▶ _Data for this task_
--

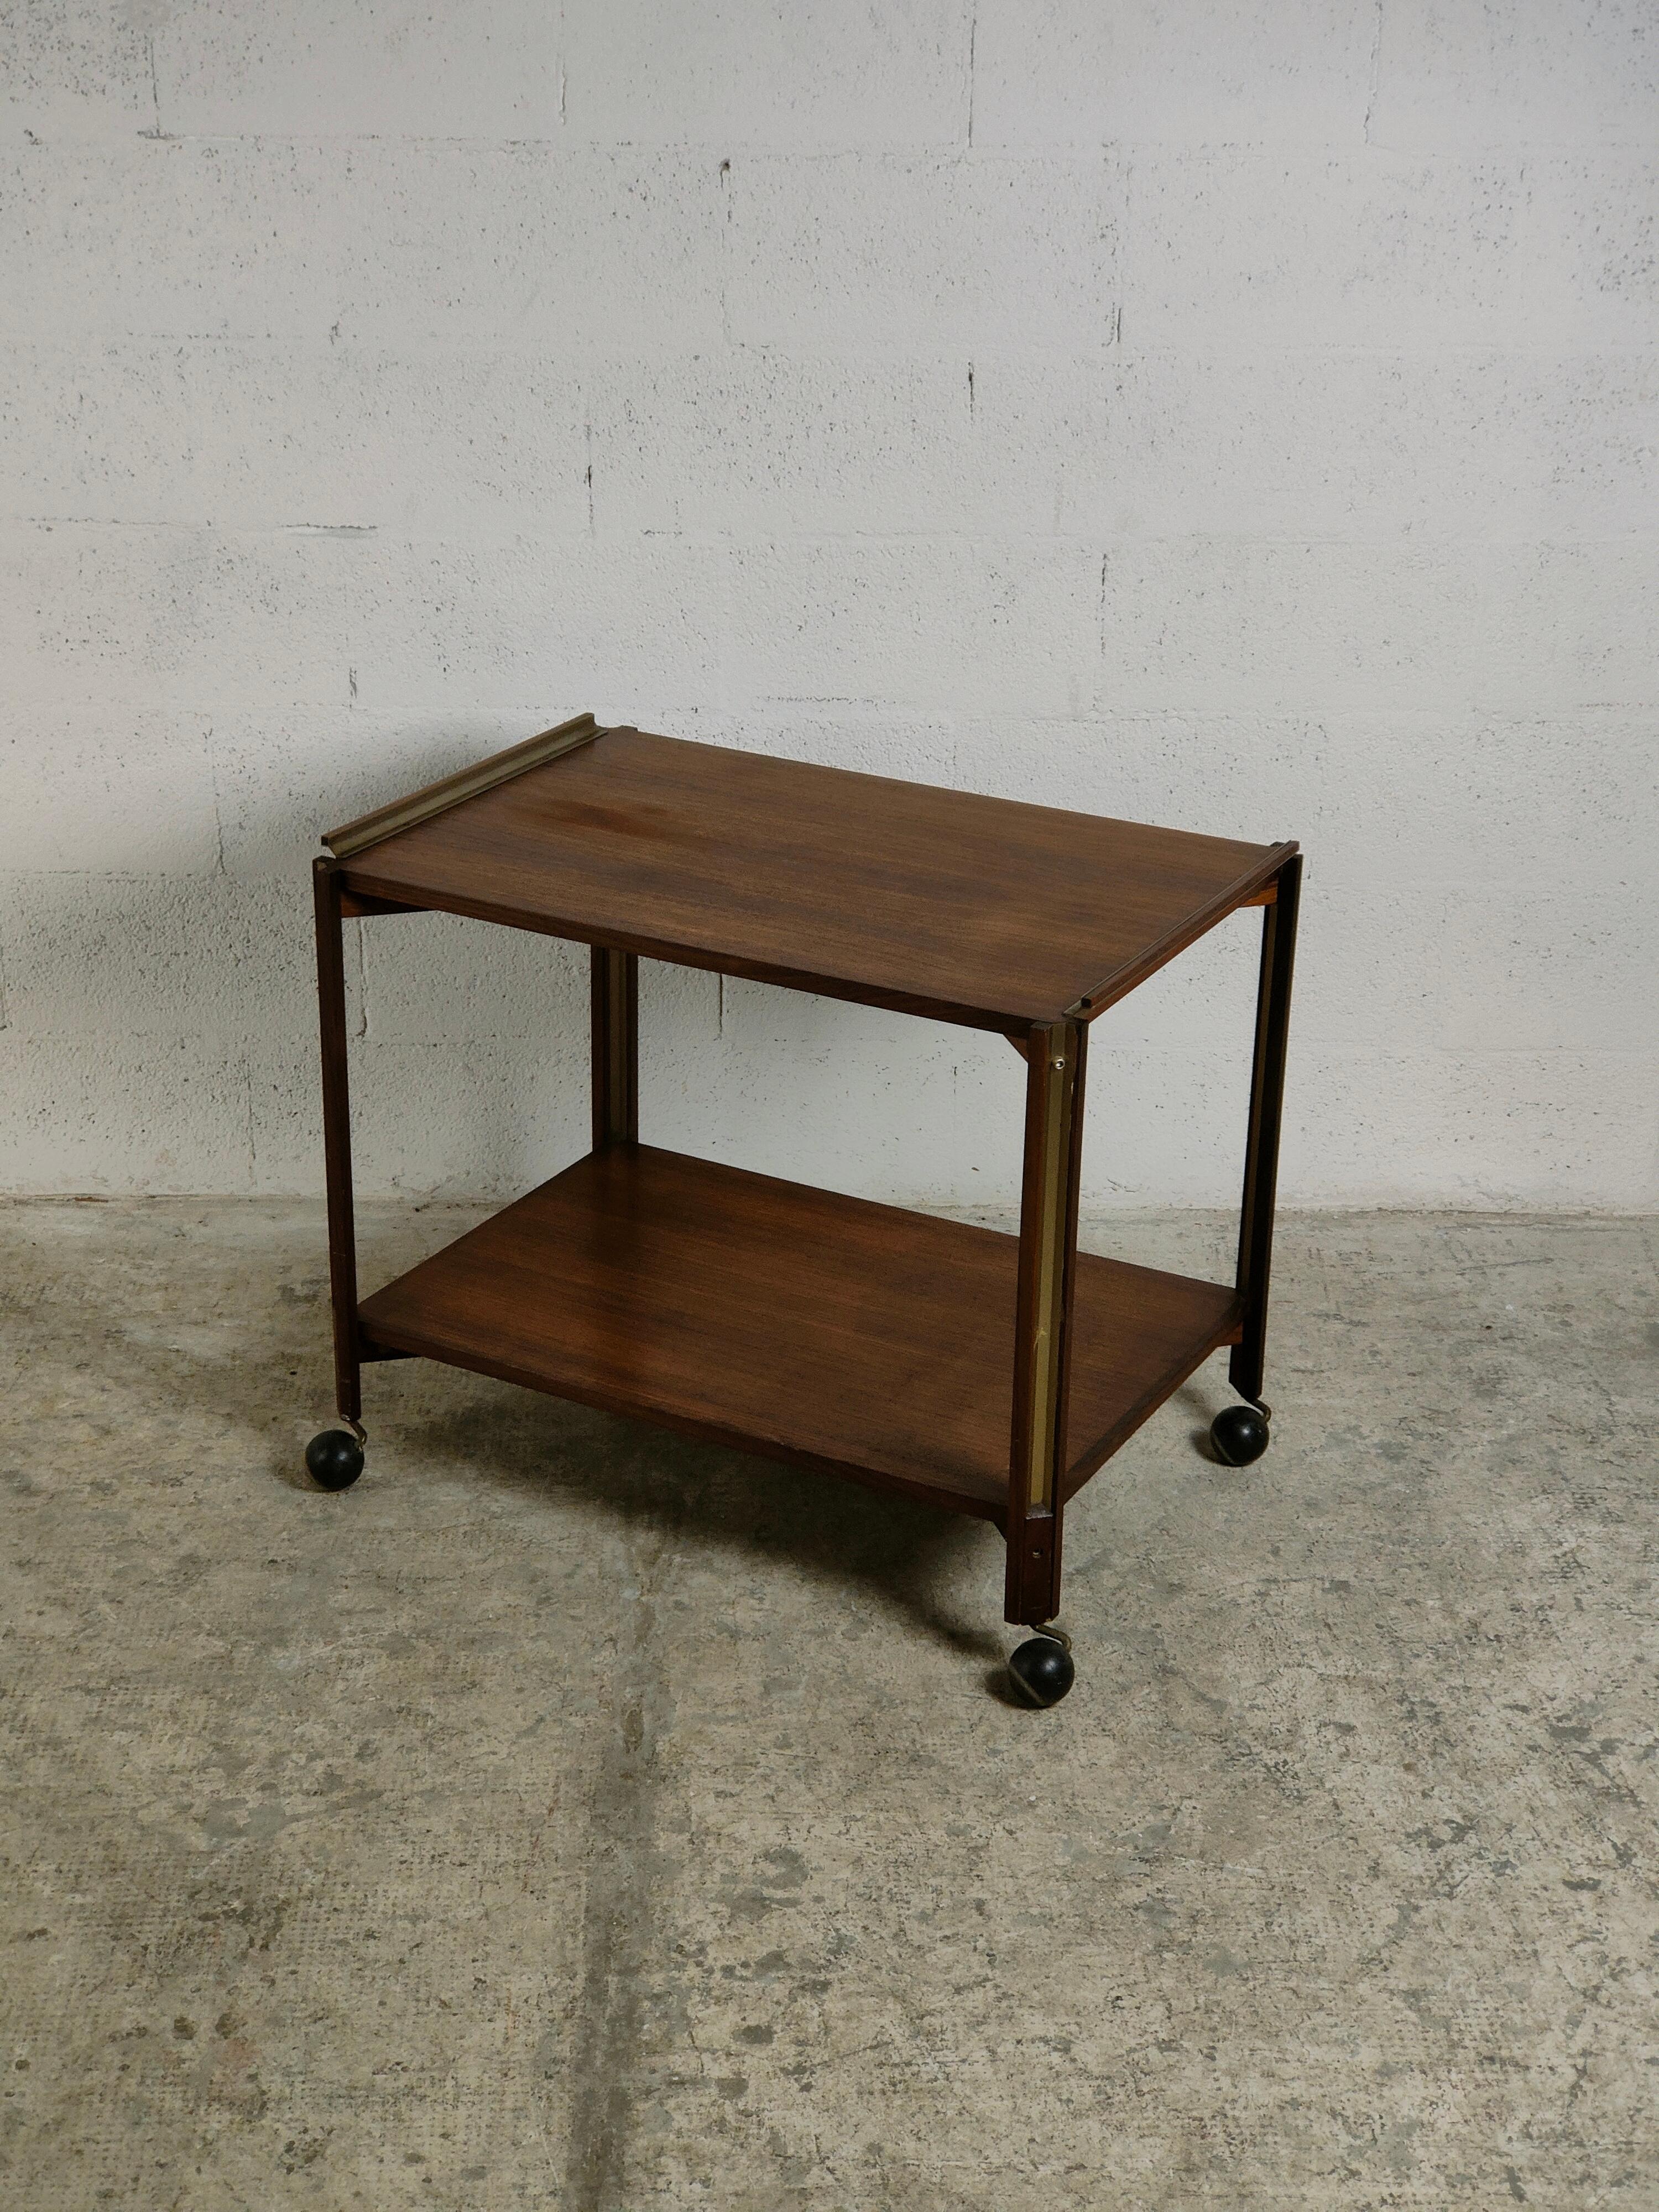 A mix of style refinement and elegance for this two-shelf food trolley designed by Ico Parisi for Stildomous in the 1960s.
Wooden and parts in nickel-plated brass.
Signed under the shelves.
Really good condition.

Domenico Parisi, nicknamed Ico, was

--

▶ _Problem details_
Would you return exactly the lines from the one containing "Signed under the shelves." through the end of the listing, both included, and only them?

▶ _Your solution_
Signed under the shelves.
Really good condition.

Domenico Parisi, nicknamed Ico, was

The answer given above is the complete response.